Umiarkowanie słodki, delikatny, puszysty, rozpływający się w ustach...
W nieco inny sposób przygotowany niż ten mus czekoladowy...
Ale i tym razem jest banalnie prosty, a najtrudniejszy etap to...
oczekiwanie na schłodzenie masy ;).
Składniki na 6 porcji:
- 150 g gorzkiej czekolady 70%
- 150 g mlecznej czekolady
- 330 ml śmietanki 30%
- 1 łyżka ekstraktu waniliowego
- ok 200 g truskawek
Wykonanie:
Do rondelka o grubym dnie wlewamy śmietankę i wrzucamy pokruszone czekolady. Podgrzewamy na niewielkim ogniu, często mieszając, uważając, żeby masa się nie przypaliła. Gdy czekolada rozpuści się zupełnie, odstawiamy rondel do wystudzenia. Następnie masę wstawiamy do lodówki na ok 30 min, lub dla bardziej niecierpliwych (ja zdecydowanie do takich należę) do zamrażarki na ok 15 min.
Podczas gdy masa powoli się chłodzi, możemy przegotować owoce. Truskawki myjemy, kroimy na mniejsze kawałki i wrzucamy na dno przygotowanych miseczek.
Gdy masa czekoladowa będzie już dobrze schłodzona, ubijamy ją mikserem przez ok 5 min, w międzyczasie dodając ekstrakt waniliowy. I to już tak naprawdę wszystko :).
Mus wykładamy na truskawki i podajemy.
Smacznego!
Chocoholiczka ;)
Więcej mi do szczęścia nie trzeba :)
OdpowiedzUsuńZdarzyło mi się raz w życiu jeść czekoladowy mus i bardzo mi smakował. Teraz jak już mam przepis, na pewno spróbuje sama zrobić :)
OdpowiedzUsuńMusi być pyszny !
OdpowiedzUsuńZapraszam do mnie ! :
kulinariapalcelizac.blogspot.com
Koniecznie zobacz babeczki czekoladowe ;)

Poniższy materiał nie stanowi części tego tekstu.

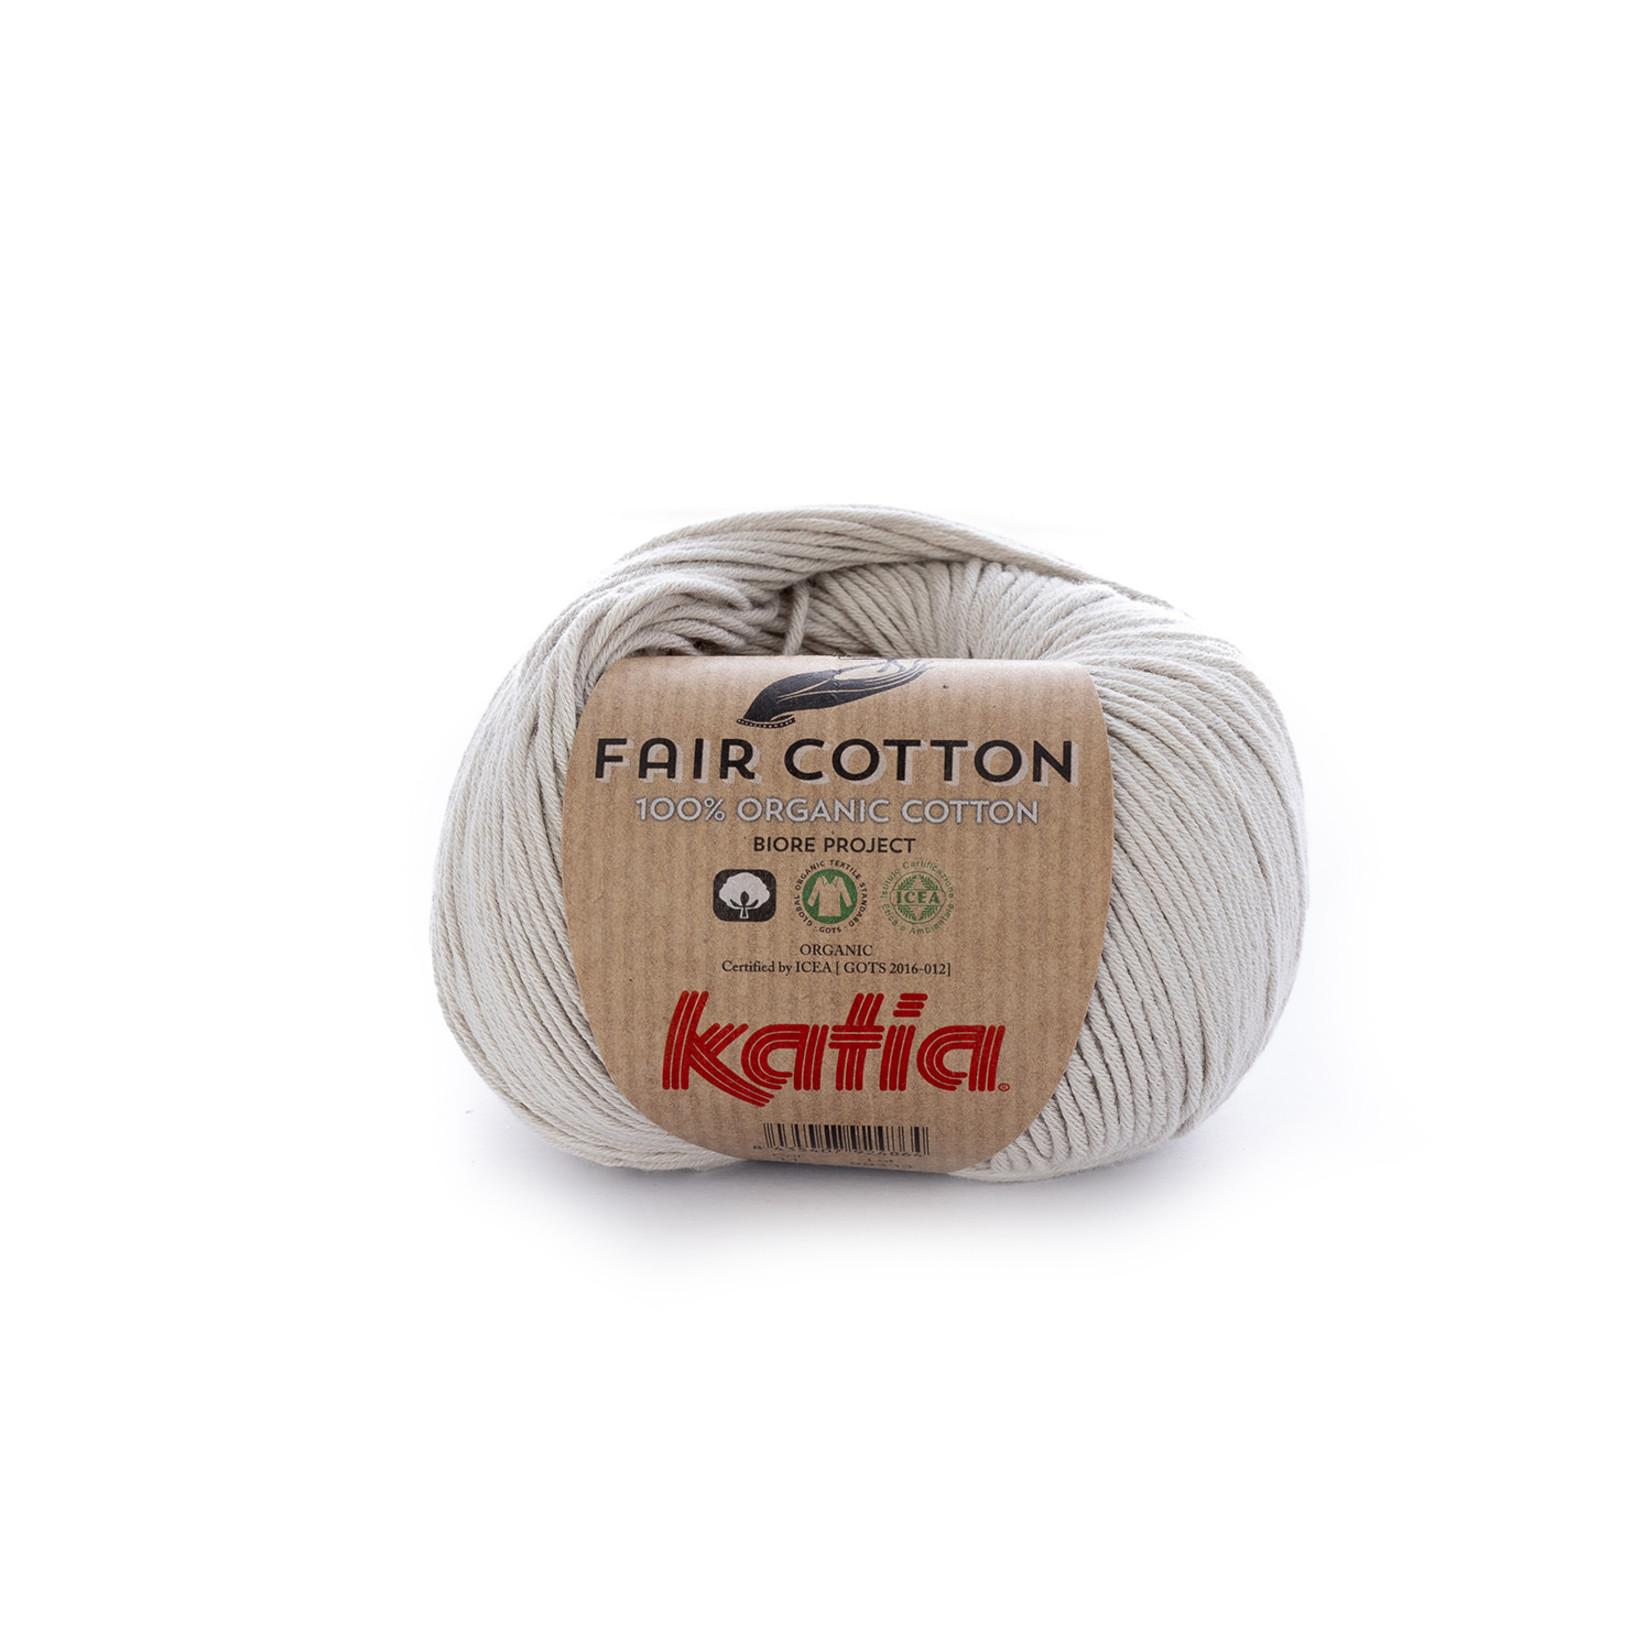 Katia Katia Fair Cotton 11 - parelmoer - lichtgrijs - 1 bol = 50 gr. = 155 m. - 100% biol. katoen

http://kulinariapalcelizac.blogspot.com/2014/07/babeczki-puszyscie-czekoladowe.html?m=1
Pozdrawiam !
Musze kiedyś spróbować :)
OdpowiedzUsuńZapraszam na mój blog http://amozeidziemycoszjesc.blogspot.com
Prezentuje się znakomicie
OdpowiedzUsuńRewelka. Jednak dla mnie absolutnym nr 1 są babeczki! Ja sama uwielbiam czekoladę, zresztą los naznaczył to we mnie przez to, że w Dzień Czekolady się urodziłam :). I skromnie zapraszam do mnie na dwapalniki.wordpress.com - nie ma tu przepisów tylko opowieści o smakach, przeżyciach związanych z kuchnią, tudzież gastronomią. Czyli kulinarna strona życia. Pozdrawiam cieplutko
OdpowiedzUsuńUwielbiam czekoladę i truskawki, rewelacyjna mieszanka.
OdpowiedzUsuńLubię to:) kradnę;)
OdpowiedzUsuńCzy jest coś lepszego niż połączenie truskawek i czekolady?:) pycha:)
OdpowiedzUsuńBardzo lubię Twój blog więc byłoby mi miło gdybyś mnie zaobserwowała :*
OdpowiedzUsuń(klikniesz w baner choies?)
paradiska-life.blogspot.com
Z pewnością jest pyszny :) Dzięki za przepis!
OdpowiedzUsuńWygląda bardzo apetycznie :)
OdpowiedzUsuńTwój mus wygląda bajecznie! uwielbiam czekoladę z truskawkami, więc chętnie skorzystam z tego przepisu dzięki!
OdpowiedzUsuńAle to pysznie wygląda, muszę spróbować :)
OdpowiedzUsuńA ja zapraszam na mojego bloga- dopiero zaczynam i proszę o pomoc: http://przepisy-pl.blogspot.com/
Gratuluję świetnego, dosyć zaawansowanego przepisu.
OdpowiedzUsuńhttp://shhort.com/c?r=asO5FH5ab
OdpowiedzUsuńOch, moja miłość do czekolady jest spełniona! Pyszny, puszysty mus. Nie bawiłam się w owoce - najważniejsza jest czekolada! :)
OdpowiedzUsuńile porcji wychodzi z tego przepisu?